RecursiveScriptModule(original_name=PlaceholderModule)

And

f(torch.randn(10, 10))

Output:

tensor([[0., 0., 0., 0., 0., 0., 0., 0., 0., 0.],
        [0., 0., 0., 0., 0., 0., 0., 0., 0., 0.],
        [0., 0., 0., 0., 0., 0., 0., 0., 0., 0.],
        [0., 0., 0., 0., 0., 0., 0., 0., 0., 0.],
        [0., 0., 0., 0., 0., 0., 0., 0., 0., 0.],
        [0., 0., 0., 0., 0., 0., 0., 0., 0., 0.],
        [0., 0., 0., 0., 0., 0., 0., 0., 0., 0.],
        [0., 0., 0., 0., 0., 0., 0., 0., 0., 0.],
        [0., 0., 0., 0., 0., 0., 0., 0., 0., 0.],
        [0., 0., 0., 0., 0., 0., 0., 0., 0., 0.]])

That’s pretty convenient.
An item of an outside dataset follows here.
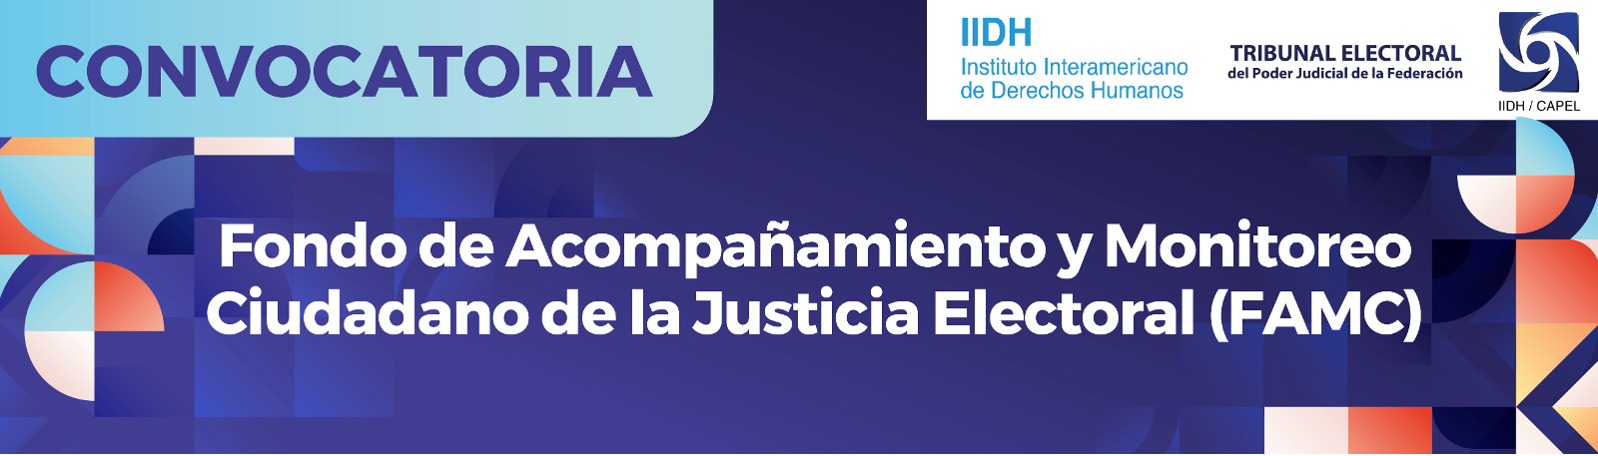 Fondo de Acompañamiento y Monitoreo Ciudadano de la Justicia Electoral (FAMC)

The inference pipeline can consist of a number of these compiled models as blackboxes without revealing the code of the model or functions.

Another advantage. There are a number of models with different hyperparameters at deployment. I had to fetch the model config via wandb and initiate the model accordingly before loading the state dictionary. But with saved jit-compiled model, just load them and forward pass (given that they all take the same inputs).